Первоначальный смысл этого термина указывал на то, что понятие генома, в отличие от генотипа, является генетической характеристикой вида в целом, а не отдельной особи. С развитием молекулярной генетики значение данного термина изменилось, и сегодня под «геномом» понимают совокупность наследственного материала конкретного представителя вида.

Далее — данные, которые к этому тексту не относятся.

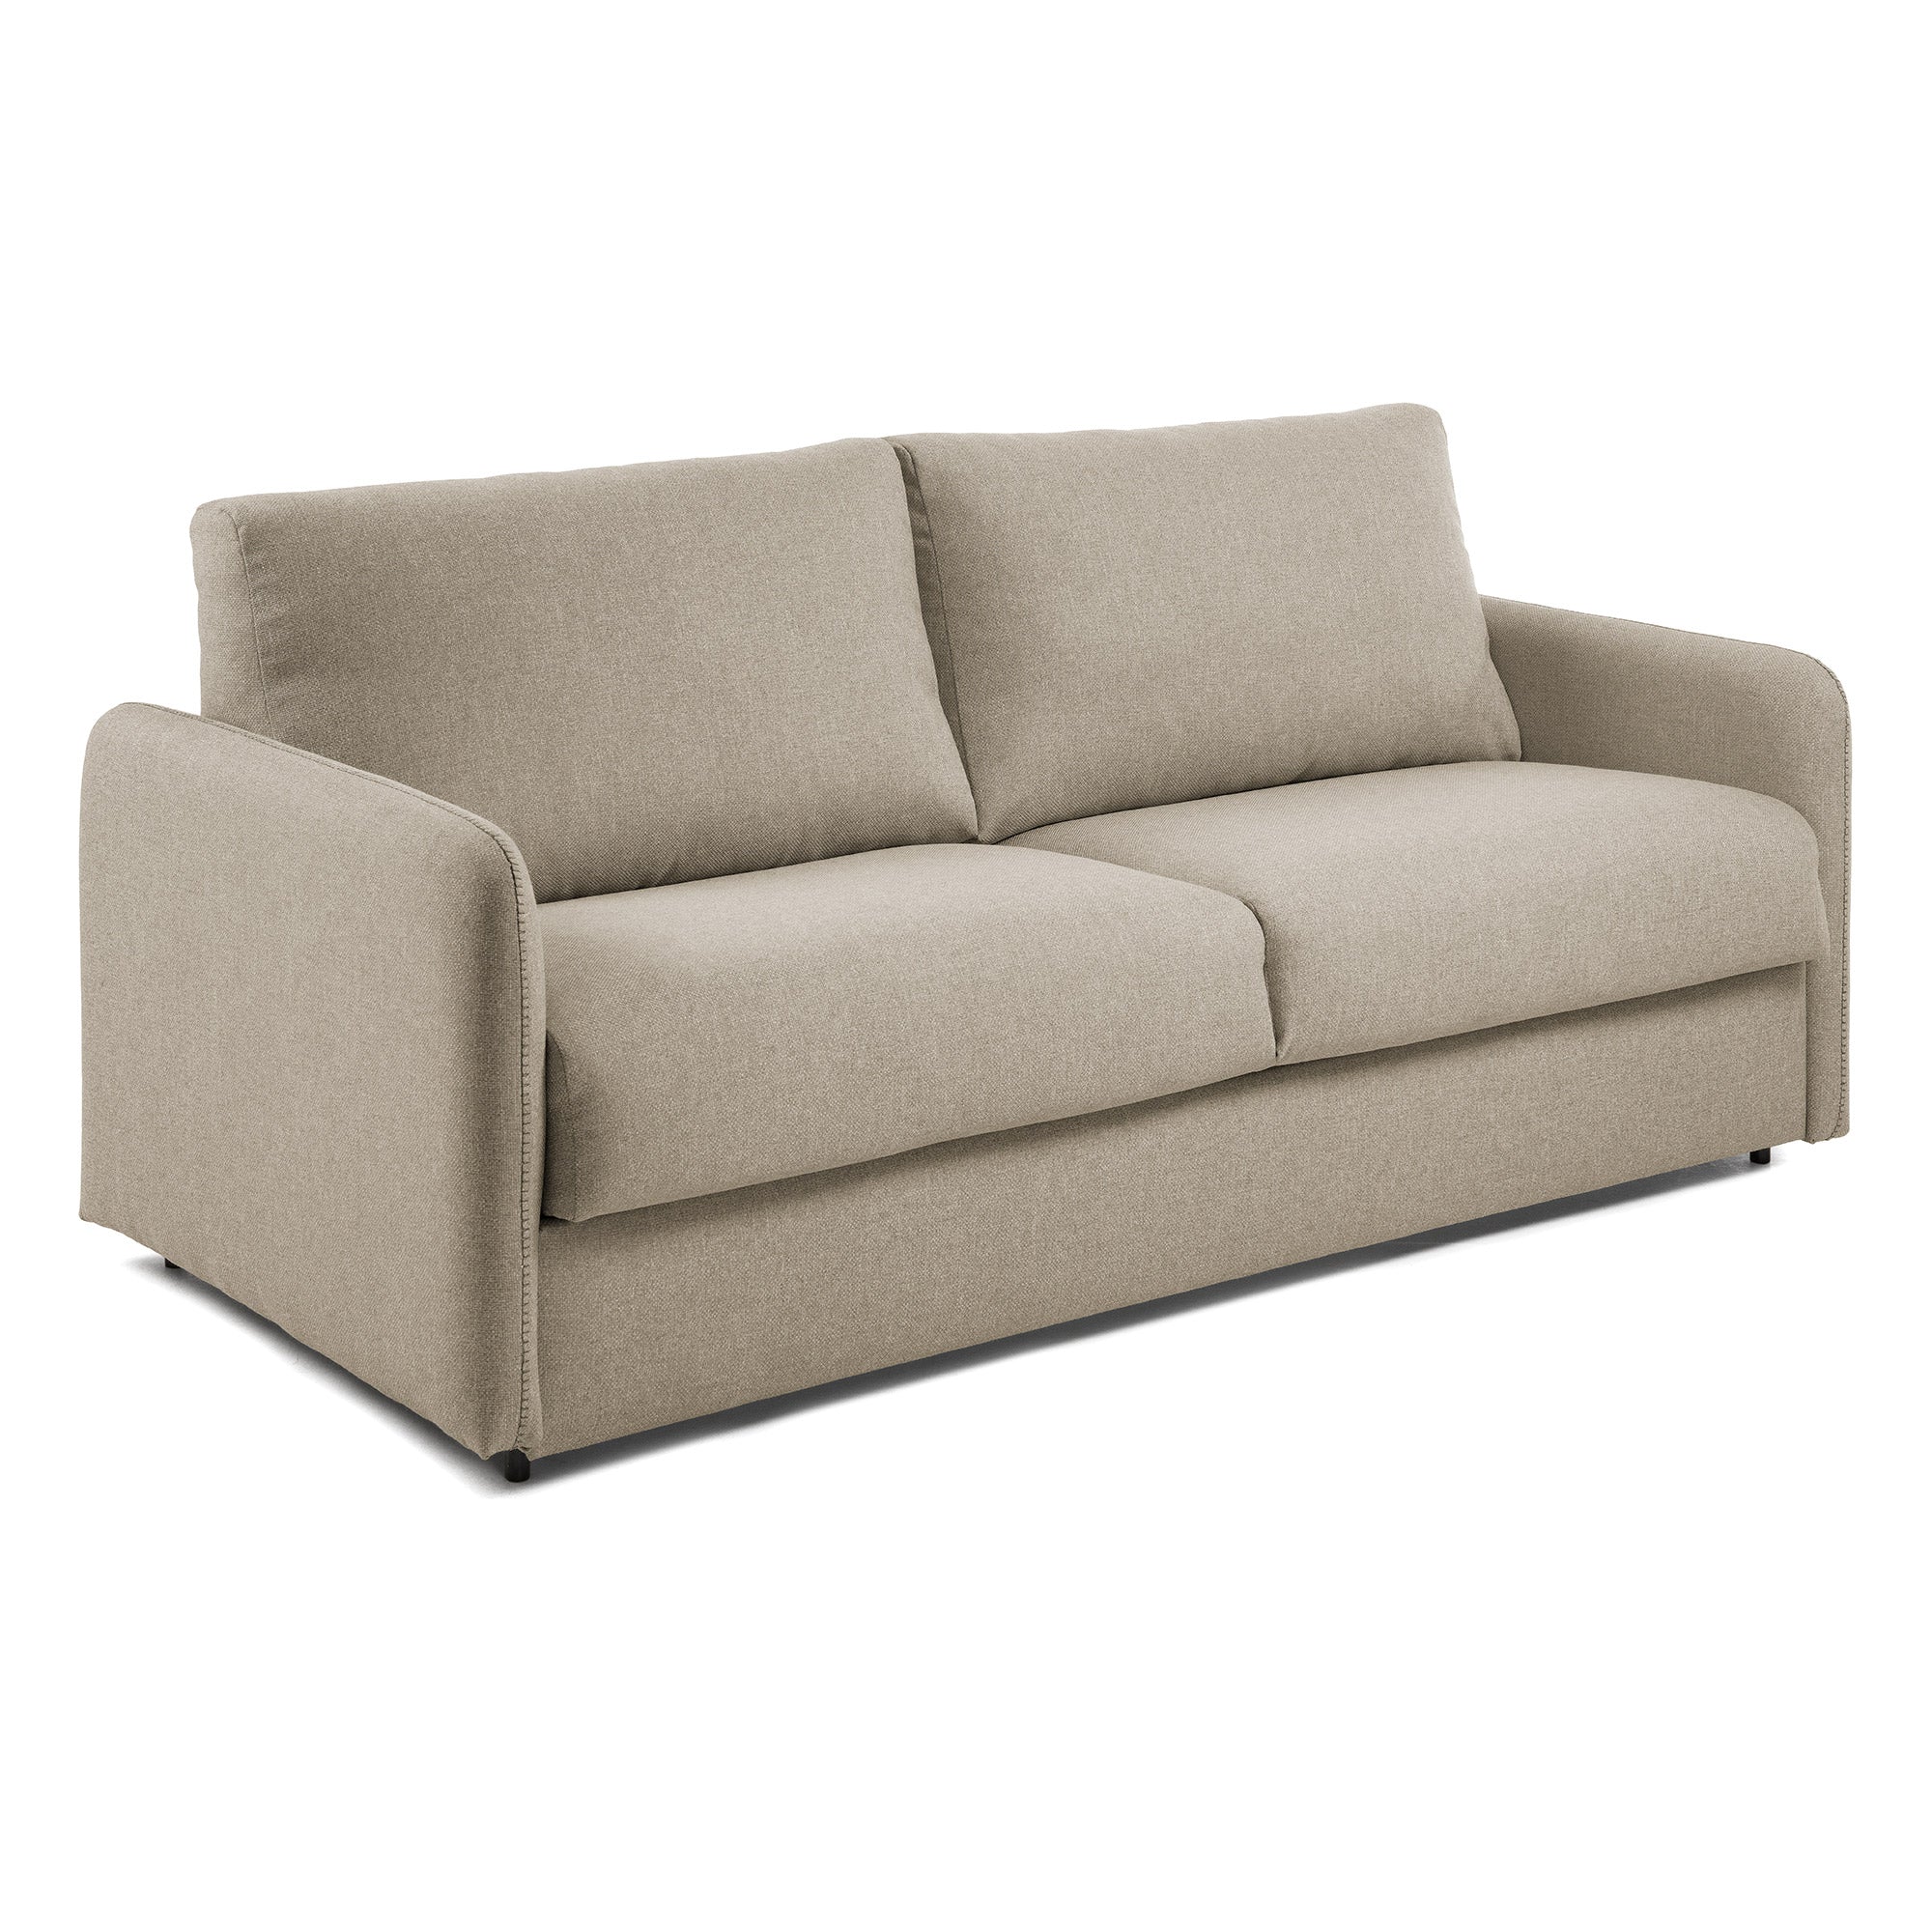 Kymoon 2 személyes visco kanapéágy, 160cm, krónikabézs színben

Большинство геномов, в том числе геномы человека и геномы всех остальных клеточных форм жизни, построены из ДНК*. Практически у всех эукариотических организмов все гены организованы в более крупные макромолекулярные комплексы – хромосомы.
У человека наследственный материал соматической клетки представлен 23 парами хромосом (22 пары аутосом и пара половых хромосом), находящихся в ядре, а также клетка обладает множеством копий митохондриальной ДНК. 22 аутосомы, половые хромосомы Х и Y, митохондриальная ДНК человека содержат вместе примерно 3,1 млрд пар оснований [1].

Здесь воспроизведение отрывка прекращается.